■ **Given material**
■ ■ ■ ■ ■ ■ ■

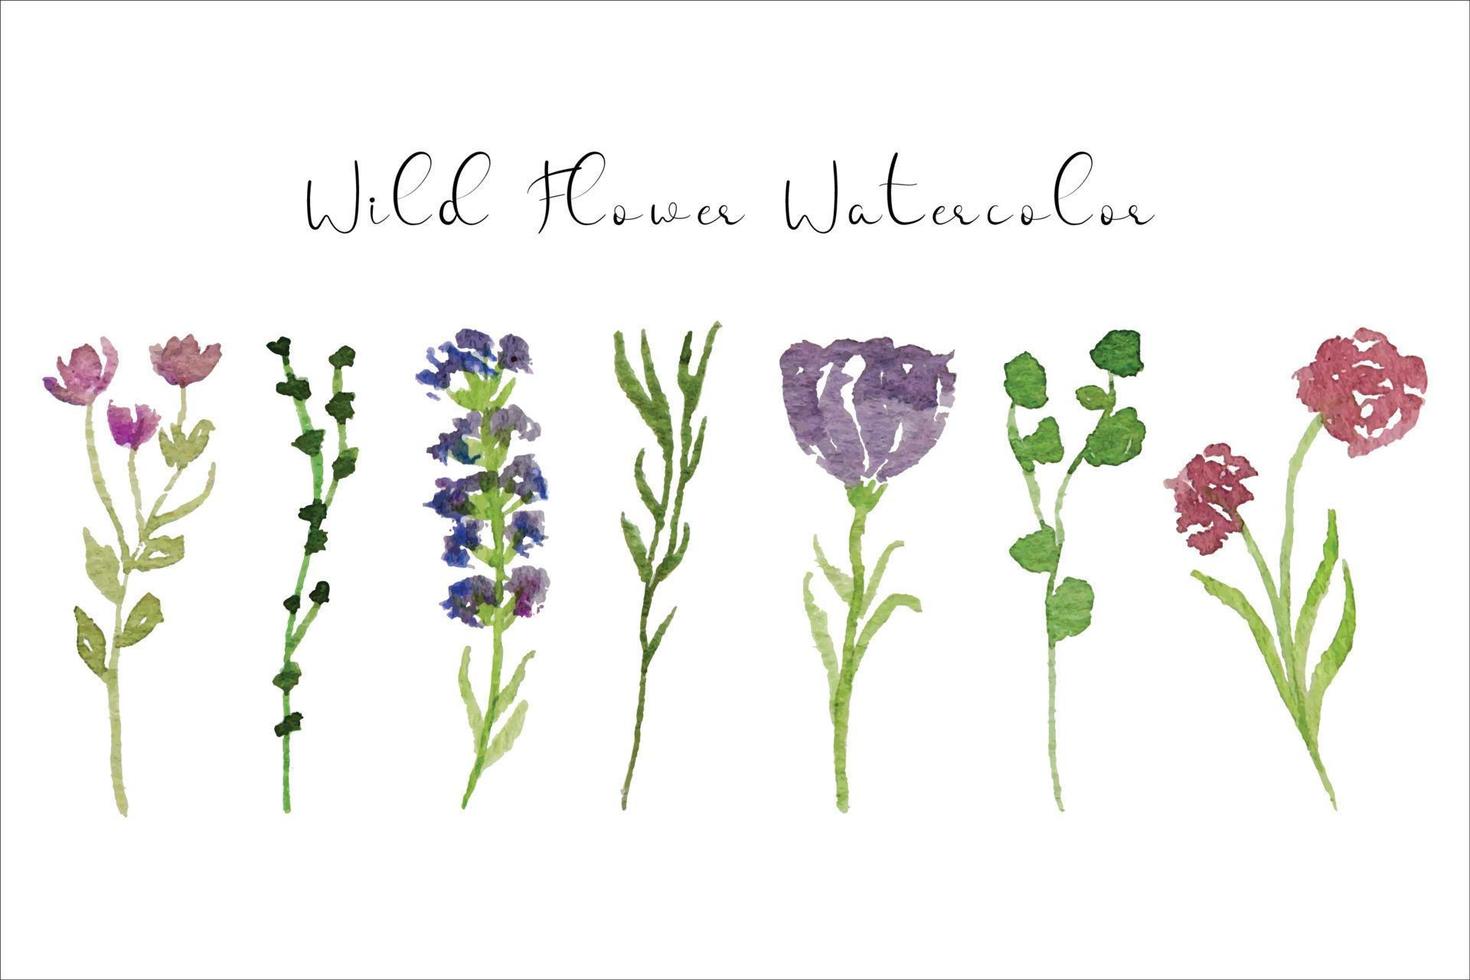 schön Frühling und Sommer- wild Blume Aquarell Sammlung vektor
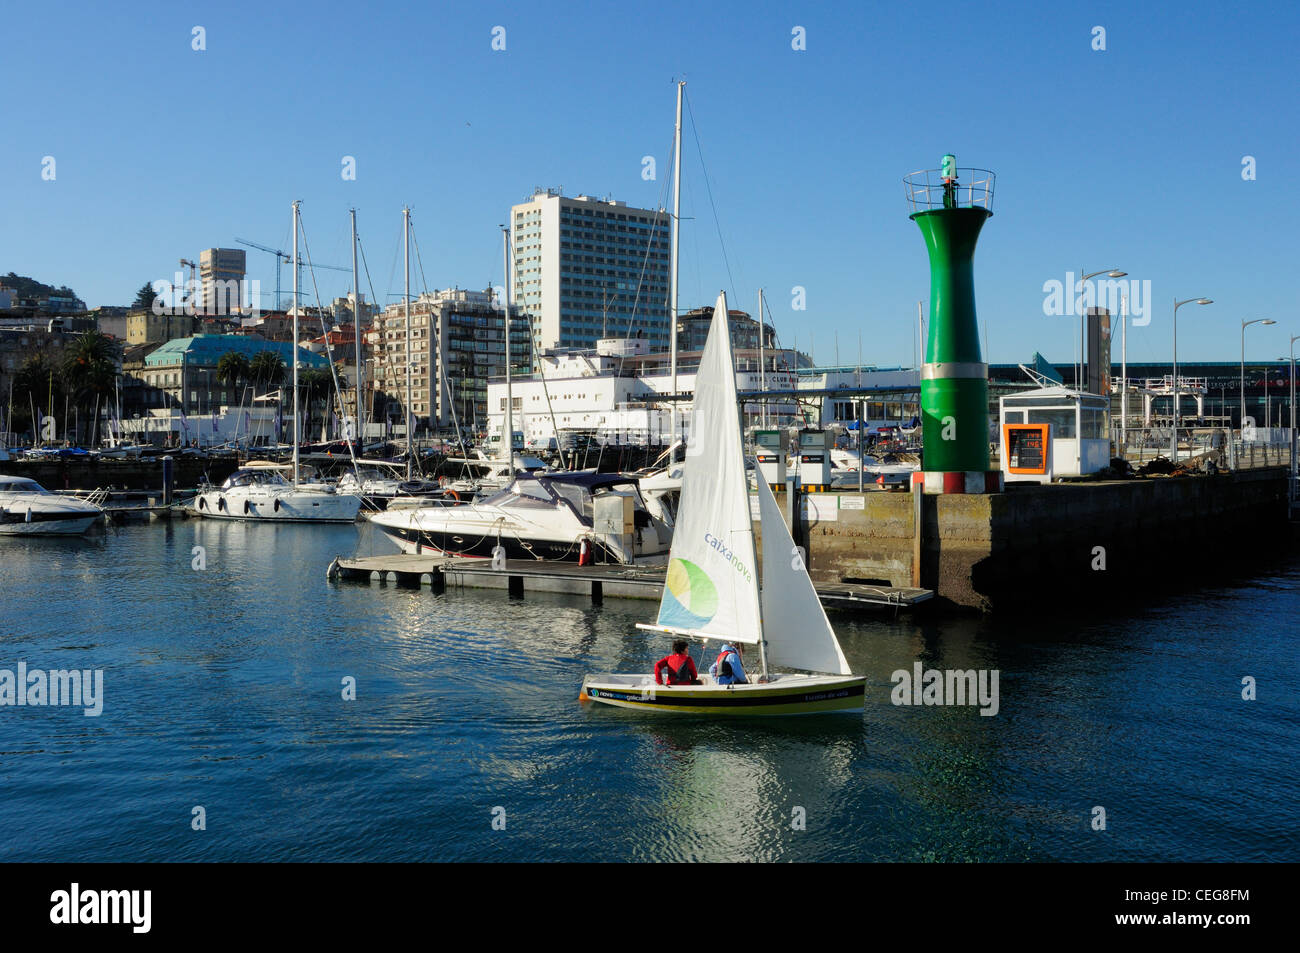 A Laxe docks and marina. Vigo, Galicia, Spain. Stock Photo
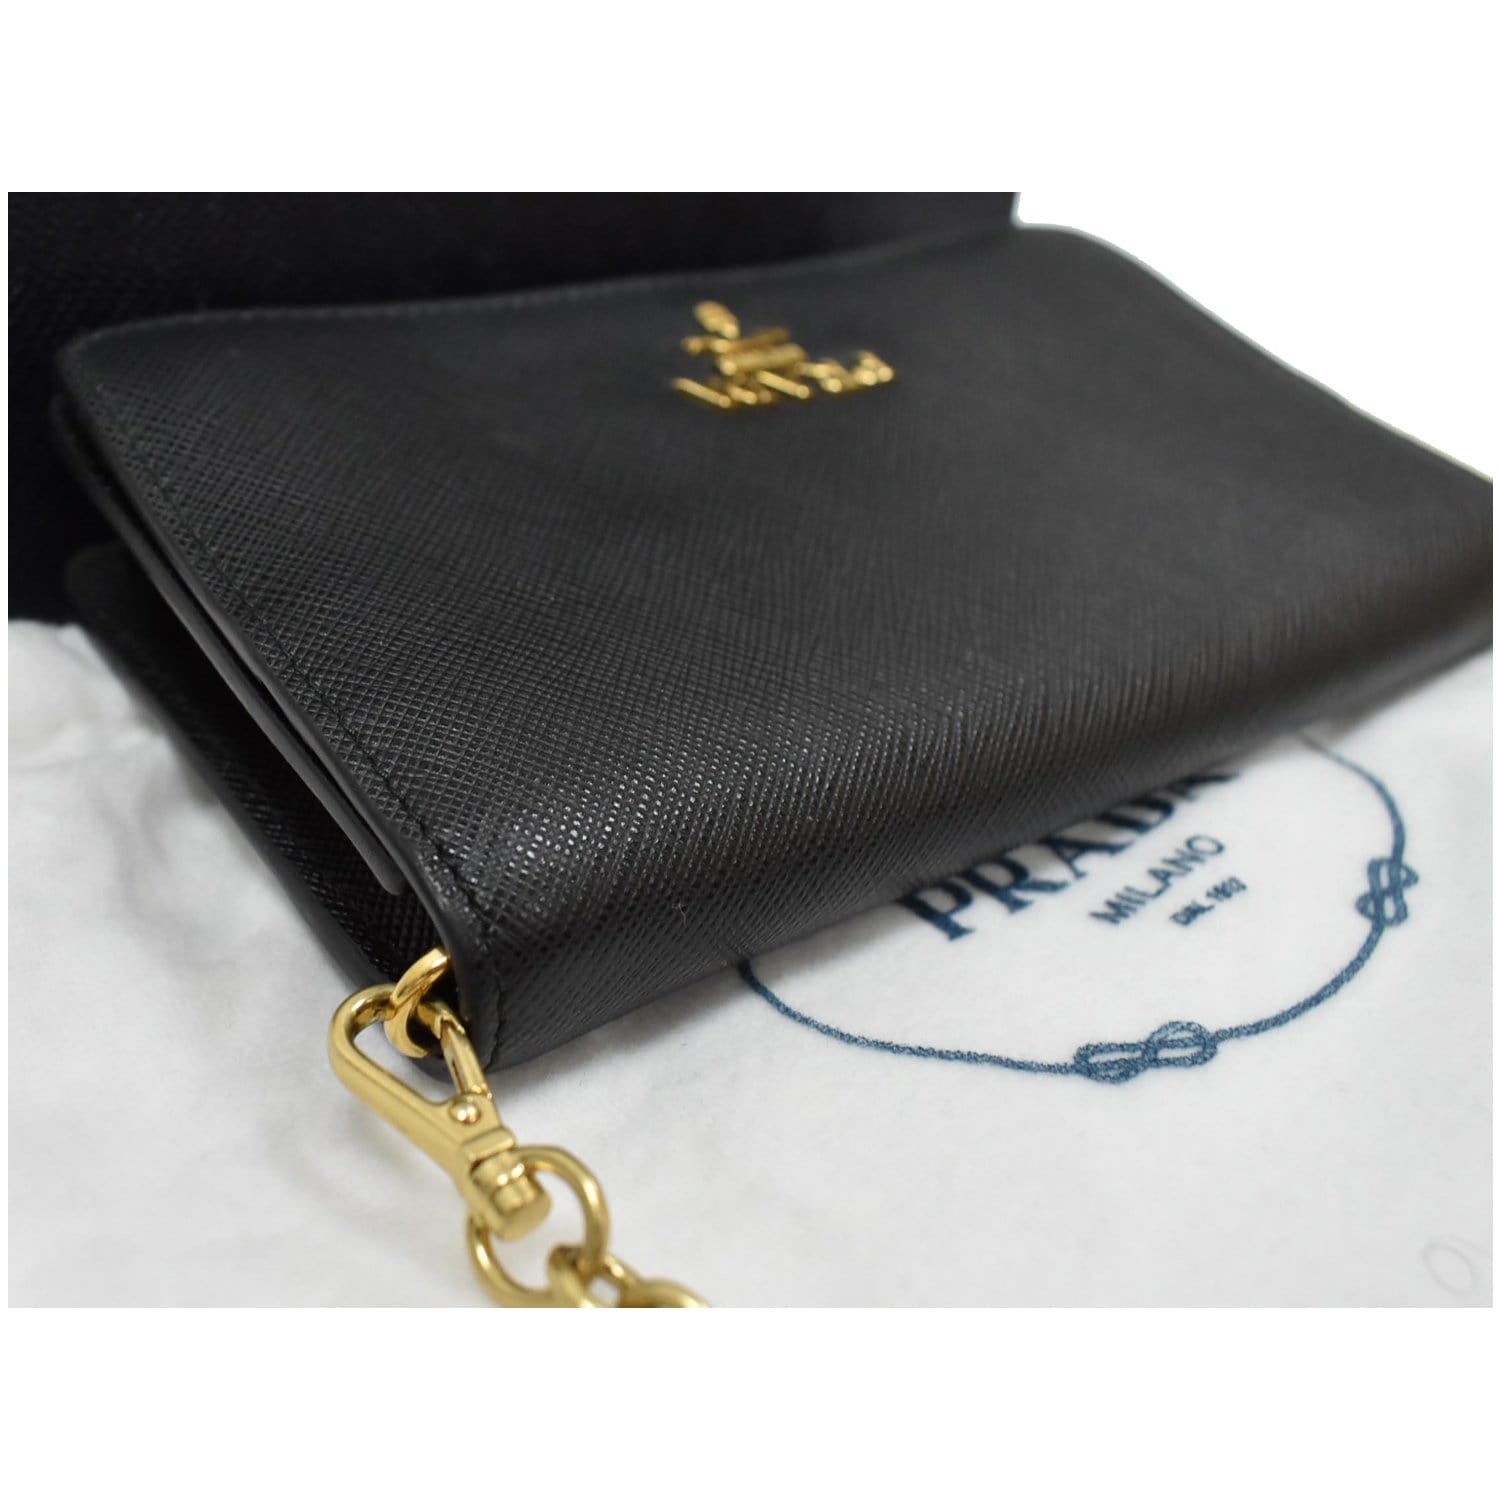 Saffiano Leather Mini Bag Chain tarnished? : r/Prada

■ ■ ■ ■ ■ ■ ■

■ **Problem**
Print the whole listing above exactly, and keep every picture out of the copy.

■ **Task output**
 schön Frühling und Sommer- wild Blume Aquarell Sammlung vektor
 A Laxe docks and marina. Vigo, Galicia, Spain. Stock Photo
 Saffiano Leather Mini Bag Chain tarnished? : r/Prada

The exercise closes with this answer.